2.6 Microarray-based gene expression profiling

The technical details have been described elsewhere [27]. Array records are deposited under GEO accession number GSE53213.

Additional functional GeneOntology (GO) classification of differentially expressed genes (fold change >2x) was performed using GeneSpring GX (version 12.5; Agilent Technologies). The corrected enrichment p-value cutoff was set to 0.1. Hierarchical clustering of differentially expressed transcripts within selected GO terms was done employing Euclidian similarity measures and Ward´s linkage.

2.7 STRING inquiry

For analysis of functional gene interactions and visualization, data were entered into the Search Tool for the Retrieval of Interacting Genes/Proteins (STRING) Version 9.1 at http://string-db.org [37].

2.8 Statistical analysis

The experiments were performed 2 to 3 times as indicated. Statistical significance was calculated by student`s two-tailed t-test (* p<0.05; ** p<0.01). Adobe illustrator® CS 6 (version 16.0, Adobe Systems) was used for design of graphics.

Results

3.1 Expression profiling reveals regulation of immune regulatory genes in GIC upon stimulation with IFN-β

Based on our previous microarray gene expression profiling experiments [27] we analyzed the changes in the RNA expression pattern of immune regulatory genes upon treatment with IFN-β in LNT–229 cells and the GIC lines GS-2 and GS-9. Genes involved in the immune response in general were selected according to the Biological Process Ontology Guidelines (GO:0006955, http://www.geneontology.org) [38] (Fig 1 and S3 Fig). Moreover, we assessed for genes involved in the regulation of the innate immune response (GO:0045088) (Fig 1 and S3 Fig). Furthermore, data were analyzed and visualized employing Search Tool for the Retrieval of Interacting Genes/ Proteins STRING (S1A–S1C Fig).

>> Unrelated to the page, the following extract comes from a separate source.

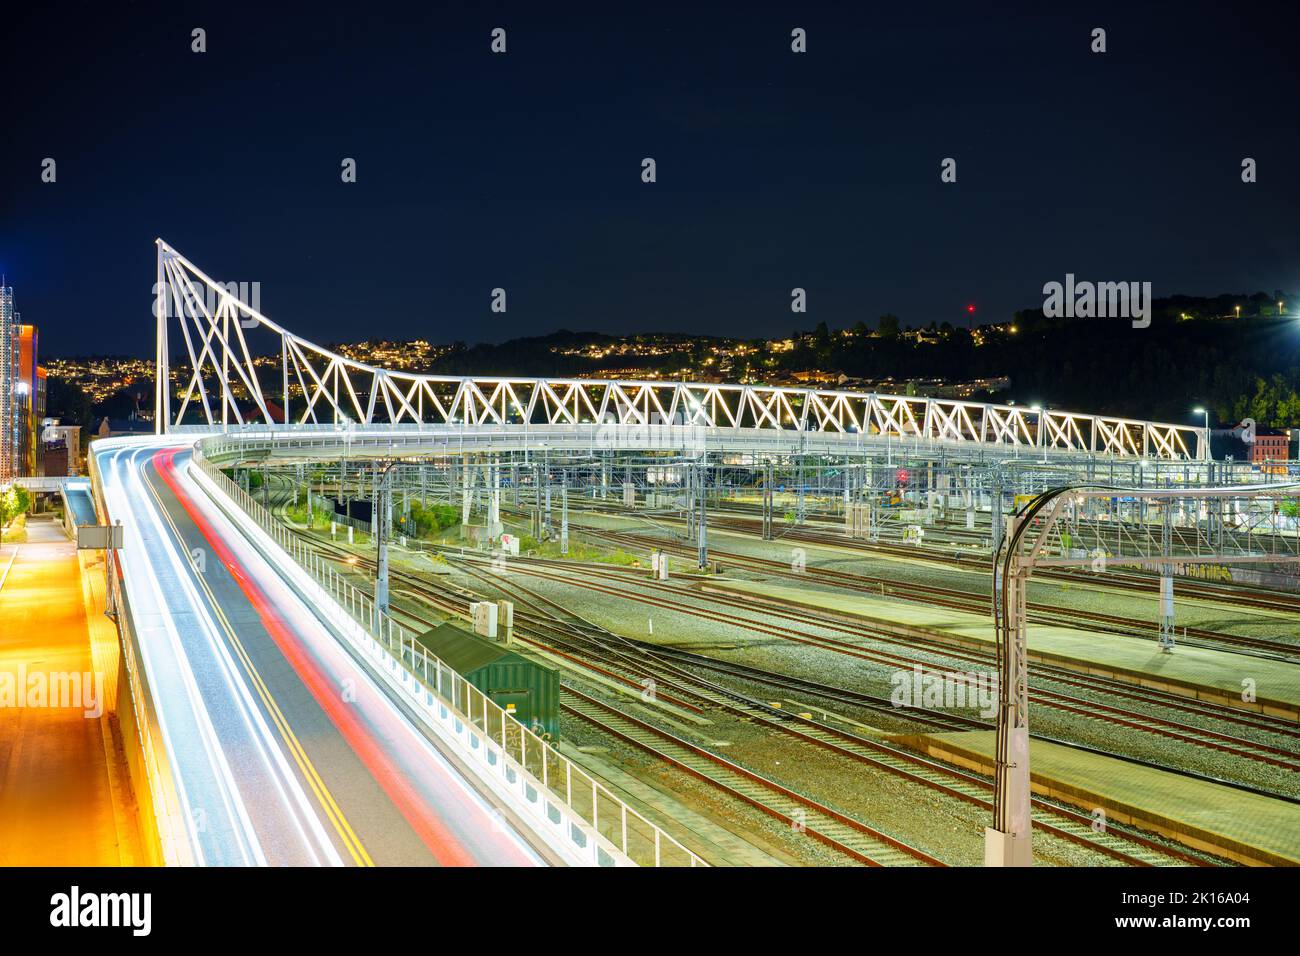 Night photo of Nordenga bridge and train tracks in Oslo Norway Stock Photo

Fig 1. Hierarchical clustering of differentially expressed transcripts.

Fig 1

GS-9 cells were treated with IFN-β (300 U/ml, 24h) and the changes in the transcriptome were assessed using Affymetrix chip-based expression profiling. Immune regulatory genes were identified by functional GeneOntology analysis of differentially expressed transcripts (fold change (FC)>2x GO:0006955 Immune response (A) and GO:0045087 regulation of innate immune response (B)). Data is shown as heat map, the color code represents the normalized log expression values.

The transcripts encoding typical (HLA-A, -B, -C) and atypical MHC proteins (HLA-E, -F and -G), as well as proteins of the immuno-proteasome (TAP1, PSMB8 and PSMB9) were increased upon stimulation with IFN-β. Moreover, genes encoding chemokines, toll-like receptors or death receptor ligands were up-regulated (Fig 1, S3 Fig and summarized in S1 Table).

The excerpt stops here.